# What you have to do
Print out each entry below exactly, please.

Exercise material below:

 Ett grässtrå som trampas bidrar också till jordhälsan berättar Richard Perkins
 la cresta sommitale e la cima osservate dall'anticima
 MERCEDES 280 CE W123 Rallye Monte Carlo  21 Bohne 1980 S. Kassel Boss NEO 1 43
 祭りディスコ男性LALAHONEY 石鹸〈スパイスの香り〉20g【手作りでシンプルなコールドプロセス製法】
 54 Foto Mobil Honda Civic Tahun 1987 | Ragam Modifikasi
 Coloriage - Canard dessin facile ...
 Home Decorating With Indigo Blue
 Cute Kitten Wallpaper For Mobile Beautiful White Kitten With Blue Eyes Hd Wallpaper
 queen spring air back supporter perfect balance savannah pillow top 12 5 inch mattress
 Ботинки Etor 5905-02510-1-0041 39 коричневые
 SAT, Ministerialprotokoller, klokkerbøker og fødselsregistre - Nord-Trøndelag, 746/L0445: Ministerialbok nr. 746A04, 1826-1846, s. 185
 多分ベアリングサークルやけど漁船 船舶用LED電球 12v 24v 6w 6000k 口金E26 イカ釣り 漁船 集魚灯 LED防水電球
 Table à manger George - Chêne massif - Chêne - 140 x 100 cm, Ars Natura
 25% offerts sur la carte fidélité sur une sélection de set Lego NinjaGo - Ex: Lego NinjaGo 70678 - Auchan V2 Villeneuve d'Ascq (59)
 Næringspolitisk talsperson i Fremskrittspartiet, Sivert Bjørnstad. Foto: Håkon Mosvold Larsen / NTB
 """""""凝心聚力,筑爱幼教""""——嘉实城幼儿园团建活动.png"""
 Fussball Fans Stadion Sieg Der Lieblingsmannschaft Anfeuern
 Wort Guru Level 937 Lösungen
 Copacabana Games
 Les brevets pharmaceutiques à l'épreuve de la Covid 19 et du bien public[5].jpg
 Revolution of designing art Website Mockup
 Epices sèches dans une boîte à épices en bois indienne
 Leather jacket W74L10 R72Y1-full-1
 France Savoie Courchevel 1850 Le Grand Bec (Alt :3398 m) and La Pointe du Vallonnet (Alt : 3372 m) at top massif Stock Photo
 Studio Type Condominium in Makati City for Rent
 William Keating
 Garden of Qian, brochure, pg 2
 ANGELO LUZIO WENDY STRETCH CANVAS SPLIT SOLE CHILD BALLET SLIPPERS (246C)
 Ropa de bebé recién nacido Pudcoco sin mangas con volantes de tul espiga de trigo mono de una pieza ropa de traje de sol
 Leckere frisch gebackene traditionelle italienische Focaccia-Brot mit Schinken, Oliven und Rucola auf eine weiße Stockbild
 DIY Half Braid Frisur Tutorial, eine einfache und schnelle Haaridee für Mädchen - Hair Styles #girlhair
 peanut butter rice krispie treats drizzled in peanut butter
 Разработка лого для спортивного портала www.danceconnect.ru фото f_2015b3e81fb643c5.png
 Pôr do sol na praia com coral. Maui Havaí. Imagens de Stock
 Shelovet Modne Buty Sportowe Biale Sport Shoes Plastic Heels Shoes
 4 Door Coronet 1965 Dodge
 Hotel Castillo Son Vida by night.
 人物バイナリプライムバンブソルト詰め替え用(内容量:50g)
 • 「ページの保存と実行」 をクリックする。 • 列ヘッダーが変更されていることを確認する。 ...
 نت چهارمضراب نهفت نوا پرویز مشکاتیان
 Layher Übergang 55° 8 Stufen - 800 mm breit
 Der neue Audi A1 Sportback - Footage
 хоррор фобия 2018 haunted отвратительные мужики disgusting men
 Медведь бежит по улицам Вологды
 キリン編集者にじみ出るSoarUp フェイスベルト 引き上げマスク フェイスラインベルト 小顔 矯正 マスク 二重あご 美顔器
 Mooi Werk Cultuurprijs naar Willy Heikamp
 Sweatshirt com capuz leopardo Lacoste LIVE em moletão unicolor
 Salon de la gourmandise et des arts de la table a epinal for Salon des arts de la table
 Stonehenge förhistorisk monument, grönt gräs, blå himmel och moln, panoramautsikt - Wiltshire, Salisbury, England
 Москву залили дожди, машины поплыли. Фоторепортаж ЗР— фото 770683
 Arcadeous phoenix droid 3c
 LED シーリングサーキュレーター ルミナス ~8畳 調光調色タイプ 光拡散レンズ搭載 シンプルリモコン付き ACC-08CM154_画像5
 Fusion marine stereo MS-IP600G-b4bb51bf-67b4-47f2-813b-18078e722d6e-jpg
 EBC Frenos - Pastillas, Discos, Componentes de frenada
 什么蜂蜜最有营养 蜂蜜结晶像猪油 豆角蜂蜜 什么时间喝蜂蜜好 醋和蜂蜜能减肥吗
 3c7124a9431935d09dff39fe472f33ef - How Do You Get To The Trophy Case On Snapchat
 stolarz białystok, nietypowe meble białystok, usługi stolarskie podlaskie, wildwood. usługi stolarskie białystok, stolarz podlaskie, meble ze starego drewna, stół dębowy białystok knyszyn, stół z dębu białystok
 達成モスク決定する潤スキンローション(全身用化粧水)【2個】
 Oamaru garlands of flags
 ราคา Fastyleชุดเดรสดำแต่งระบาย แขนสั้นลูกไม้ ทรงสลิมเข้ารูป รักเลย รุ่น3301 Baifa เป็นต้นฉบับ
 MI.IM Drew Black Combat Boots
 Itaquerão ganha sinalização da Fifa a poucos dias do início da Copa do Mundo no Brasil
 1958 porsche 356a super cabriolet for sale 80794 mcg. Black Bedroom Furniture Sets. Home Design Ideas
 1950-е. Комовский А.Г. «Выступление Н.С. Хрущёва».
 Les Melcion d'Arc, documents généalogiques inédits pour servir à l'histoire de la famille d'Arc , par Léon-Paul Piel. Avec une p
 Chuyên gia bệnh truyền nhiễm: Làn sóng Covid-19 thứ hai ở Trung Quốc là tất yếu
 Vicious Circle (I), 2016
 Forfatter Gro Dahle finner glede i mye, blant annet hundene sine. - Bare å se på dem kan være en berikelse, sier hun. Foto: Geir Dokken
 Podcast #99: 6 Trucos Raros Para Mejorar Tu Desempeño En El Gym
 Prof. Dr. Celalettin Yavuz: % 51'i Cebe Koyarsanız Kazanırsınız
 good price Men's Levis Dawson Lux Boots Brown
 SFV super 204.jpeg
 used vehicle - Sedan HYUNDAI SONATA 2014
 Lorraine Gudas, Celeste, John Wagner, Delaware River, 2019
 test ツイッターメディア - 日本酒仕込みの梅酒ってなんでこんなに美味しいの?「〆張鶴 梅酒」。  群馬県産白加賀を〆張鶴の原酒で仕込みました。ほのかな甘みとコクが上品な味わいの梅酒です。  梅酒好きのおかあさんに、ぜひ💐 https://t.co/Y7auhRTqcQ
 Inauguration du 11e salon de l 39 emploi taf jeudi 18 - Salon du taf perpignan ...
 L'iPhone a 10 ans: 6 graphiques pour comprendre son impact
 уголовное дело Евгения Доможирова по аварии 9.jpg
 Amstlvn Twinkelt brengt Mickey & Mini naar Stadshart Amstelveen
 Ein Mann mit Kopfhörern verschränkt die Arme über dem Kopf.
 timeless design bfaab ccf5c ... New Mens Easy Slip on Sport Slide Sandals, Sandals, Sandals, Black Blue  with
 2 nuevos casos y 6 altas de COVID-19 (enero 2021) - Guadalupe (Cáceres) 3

End of Exercise material.

# Response to the task
 Ett grässtrå som trampas bidrar också till jordhälsan berättar Richard Perkins
 la cresta sommitale e la cima osservate dall'anticima
 MERCEDES 280 CE W123 Rallye Monte Carlo  21 Bohne 1980 S. Kassel Boss NEO 1 43
 祭りディスコ男性LALAHONEY 石鹸〈スパイスの香り〉20g【手作りでシンプルなコールドプロセス製法】
 54 Foto Mobil Honda Civic Tahun 1987 | Ragam Modifikasi
 Coloriage - Canard dessin facile ...
 Home Decorating With Indigo Blue
 Cute Kitten Wallpaper For Mobile Beautiful White Kitten With Blue Eyes Hd Wallpaper
 queen spring air back supporter perfect balance savannah pillow top 12 5 inch mattress
 Ботинки Etor 5905-02510-1-0041 39 коричневые
 SAT, Ministerialprotokoller, klokkerbøker og fødselsregistre - Nord-Trøndelag, 746/L0445: Ministerialbok nr. 746A04, 1826-1846, s. 185
 多分ベアリングサークルやけど漁船 船舶用LED電球 12v 24v 6w 6000k 口金E26 イカ釣り 漁船 集魚灯 LED防水電球
 Table à manger George - Chêne massif - Chêne - 140 x 100 cm, Ars Natura
 25% offerts sur la carte fidélité sur une sélection de set Lego NinjaGo - Ex: Lego NinjaGo 70678 - Auchan V2 Villeneuve d'Ascq (59)
 Næringspolitisk talsperson i Fremskrittspartiet, Sivert Bjørnstad. Foto: Håkon Mosvold Larsen / NTB
 """""""凝心聚力,筑爱幼教""""——嘉实城幼儿园团建活动.png"""
 Fussball Fans Stadion Sieg Der Lieblingsmannschaft Anfeuern
 Wort Guru Level 937 Lösungen
 Copacabana Games
 Les brevets pharmaceutiques à l'épreuve de la Covid 19 et du bien public[5].jpg
 Revolution of designing art Website Mockup
 Epices sèches dans une boîte à épices en bois indienne
 Leather jacket W74L10 R72Y1-full-1
 France Savoie Courchevel 1850 Le Grand Bec (Alt :3398 m) and La Pointe du Vallonnet (Alt : 3372 m) at top massif Stock Photo
 Studio Type Condominium in Makati City for Rent
 William Keating
 Garden of Qian, brochure, pg 2
 ANGELO LUZIO WENDY STRETCH CANVAS SPLIT SOLE CHILD BALLET SLIPPERS (246C)
 Ropa de bebé recién nacido Pudcoco sin mangas con volantes de tul espiga de trigo mono de una pieza ropa de traje de sol
 Leckere frisch gebackene traditionelle italienische Focaccia-Brot mit Schinken, Oliven und Rucola auf eine weiße Stockbild
 DIY Half Braid Frisur Tutorial, eine einfache und schnelle Haaridee für Mädchen - Hair Styles #girlhair
 peanut butter rice krispie treats drizzled in peanut butter
 Разработка лого для спортивного портала www.danceconnect.ru фото f_2015b3e81fb643c5.png
 Pôr do sol na praia com coral. Maui Havaí. Imagens de Stock
 Shelovet Modne Buty Sportowe Biale Sport Shoes Plastic Heels Shoes
 4 Door Coronet 1965 Dodge
 Hotel Castillo Son Vida by night.
 人物バイナリプライムバンブソルト詰め替え用(内容量:50g)
 • 「ページの保存と実行」 をクリックする。 • 列ヘッダーが変更されていることを確認する。 ...
 نت چهارمضراب نهفت نوا پرویز مشکاتیان
 Layher Übergang 55° 8 Stufen - 800 mm breit
 Der neue Audi A1 Sportback - Footage
 хоррор фобия 2018 haunted отвратительные мужики disgusting men
 Медведь бежит по улицам Вологды
 キリン編集者にじみ出るSoarUp フェイスベルト 引き上げマスク フェイスラインベルト 小顔 矯正 マスク 二重あご 美顔器
 Mooi Werk Cultuurprijs naar Willy Heikamp
 Sweatshirt com capuz leopardo Lacoste LIVE em moletão unicolor
 Salon de la gourmandise et des arts de la table a epinal for Salon des arts de la table
 Stonehenge förhistorisk monument, grönt gräs, blå himmel och moln, panoramautsikt - Wiltshire, Salisbury, England
 Москву залили дожди, машины поплыли. Фоторепортаж ЗР— фото 770683
 Arcadeous phoenix droid 3c
 LED シーリングサーキュレーター ルミナス ~8畳 調光調色タイプ 光拡散レンズ搭載 シンプルリモコン付き ACC-08CM154_画像5
 Fusion marine stereo MS-IP600G-b4bb51bf-67b4-47f2-813b-18078e722d6e-jpg
 EBC Frenos - Pastillas, Discos, Componentes de frenada
 什么蜂蜜最有营养 蜂蜜结晶像猪油 豆角蜂蜜 什么时间喝蜂蜜好 醋和蜂蜜能减肥吗
 3c7124a9431935d09dff39fe472f33ef - How Do You Get To The Trophy Case On Snapchat
 stolarz białystok, nietypowe meble białystok, usługi stolarskie podlaskie, wildwood. usługi stolarskie białystok, stolarz podlaskie, meble ze starego drewna, stół dębowy białystok knyszyn, stół z dębu białystok
 達成モスク決定する潤スキンローション(全身用化粧水)【2個】
 Oamaru garlands of flags
 ราคา Fastyleชุดเดรสดำแต่งระบาย แขนสั้นลูกไม้ ทรงสลิมเข้ารูป รักเลย รุ่น3301 Baifa เป็นต้นฉบับ
 MI.IM Drew Black Combat Boots
 Itaquerão ganha sinalização da Fifa a poucos dias do início da Copa do Mundo no Brasil
 1958 porsche 356a super cabriolet for sale 80794 mcg. Black Bedroom Furniture Sets. Home Design Ideas
 1950-е. Комовский А.Г. «Выступление Н.С. Хрущёва».
 Les Melcion d'Arc, documents généalogiques inédits pour servir à l'histoire de la famille d'Arc , par Léon-Paul Piel. Avec une p
 Chuyên gia bệnh truyền nhiễm: Làn sóng Covid-19 thứ hai ở Trung Quốc là tất yếu
 Vicious Circle (I), 2016
 Forfatter Gro Dahle finner glede i mye, blant annet hundene sine. - Bare å se på dem kan være en berikelse, sier hun. Foto: Geir Dokken
 Podcast #99: 6 Trucos Raros Para Mejorar Tu Desempeño En El Gym
 Prof. Dr. Celalettin Yavuz: % 51'i Cebe Koyarsanız Kazanırsınız
 good price Men's Levis Dawson Lux Boots Brown
 SFV super 204.jpeg
 used vehicle - Sedan HYUNDAI SONATA 2014
 Lorraine Gudas, Celeste, John Wagner, Delaware River, 2019
 test ツイッターメディア - 日本酒仕込みの梅酒ってなんでこんなに美味しいの?「〆張鶴 梅酒」。  群馬県産白加賀を〆張鶴の原酒で仕込みました。ほのかな甘みとコクが上品な味わいの梅酒です。  梅酒好きのおかあさんに、ぜひ💐 https://t.co/Y7auhRTqcQ
 Inauguration du 11e salon de l 39 emploi taf jeudi 18 - Salon du taf perpignan ...
 L'iPhone a 10 ans: 6 graphiques pour comprendre son impact
 уголовное дело Евгения Доможирова по аварии 9.jpg
 Amstlvn Twinkelt brengt Mickey & Mini naar Stadshart Amstelveen
 Ein Mann mit Kopfhörern verschränkt die Arme über dem Kopf.
 timeless design bfaab ccf5c ... New Mens Easy Slip on Sport Slide Sandals, Sandals, Sandals, Black Blue  with
 2 nuevos casos y 6 altas de COVID-19 (enero 2021) - Guadalupe (Cáceres) 3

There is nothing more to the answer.